In this experiment, pumpkin seed oil, juliflora seed oil are converted to fatty acid, by adding 15 g potassium hydroxide (KOH) as catalyst for transesterification [17]. Rudraksha was added as additive to the exceeding mixed biodiesel blend and the engine was driven with minimum load to maximum load and at excess load condition. From the results, it was noted that here was an enhancement in BTE and diminish in Specific fuel consumption. The advantage of C. pepo oil along with prosopis juliflora oil over other edible oil stretch out in the oil price. In this regard the proposed research work is aimed to focus on the performance and emission of the pumpkin and juliflora mixed biodiesel blend with Rudraksha additive.

5 ml Rudraksha biodiesel as additive was added to mixed biodiesel blend Pumpkin+ Juliflora biodiesel called PJB were then blended with diesel. Take 900 ml of diesel in 1000 ml measuring jar first and add 100 ml PJB biodiesel and add 5 ml Rudraksha additive named PJB10 biodiesel. Take 800 ml of diesel in 1000 ml measuring jar first and add 200 ml PJB biodiesel and add 5 ml Rudraksha additive named PJB20 biodiesel. Take 700 ml of diesel in 1000 ml measuring jar first and add 300 ml PJB biodiesel and add 5 ml Rudraksha additive named PJB30 biodiesel. Take 600 ml of diesel in 1000 ml measuring jar first and add 400 ml PJB biodiesel and add 5 ml Rudraksha additive named PJB40 biodiesel. Take 500 ml of diesel in 1000 ml measuring jar first and add 500 ml PJB biodiesel and add 5 ml Rudraksha additive named PJB50 biodiesel. In India Rudraksha is available in abundance from the Gangetic plane in foothills of the Himalayas and hilly regions, which can be converted into biodiesel. Rudraksha trees can be cultivated in larger scale which may cause severe impact on expenditure of EG biodiesel production. The EG biodiesel as additive are blended in minimal quantity of 5 ml with diesel fuel consumption which led to better performance and clean environment.

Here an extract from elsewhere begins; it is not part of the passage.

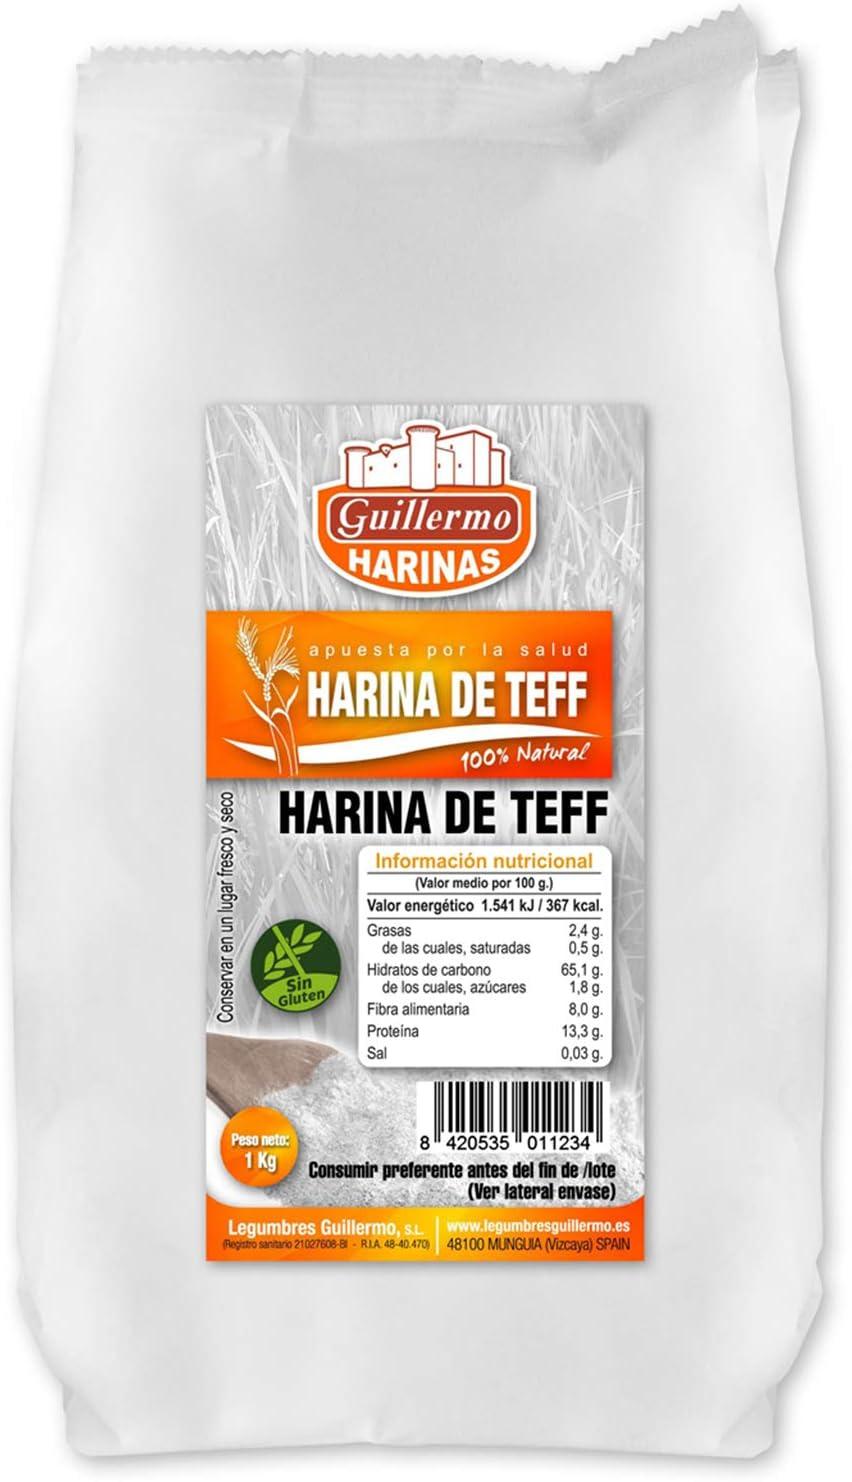 Guillermo Harina de Teff 100% Natural (Pack 3) 1Kg: Amazon.es ...

Make manual mixing of both fuels, and then take this blend into a mechanical agitator and mixing thoroughly for 15–25 min. The blend is under observation for assuring that there was no separation and settling. This blend was poured to diesel tank in the experiment engine and run the experiments. The volume of addition of Rudraksha biodiesel is very little amount and there is no need to remove the same amount from the blended mixed biodiesel. Rudraksha biodiesel is used as additive to other biodiesel blends. The optimum Rudraksha biodiesel as additive with mixed biodiesel blends were also used to conduct the performance and emission tests at varying loads and compared diesel. Tests were carried out for analyzing various parameters such as brake thermal efficiency, brake specific fuel consumption and exhaust gas temperature. Besides these, the other tests were carried out to measure the emissions of CO, CO2, HC, NO and smoke in the exhaust [18].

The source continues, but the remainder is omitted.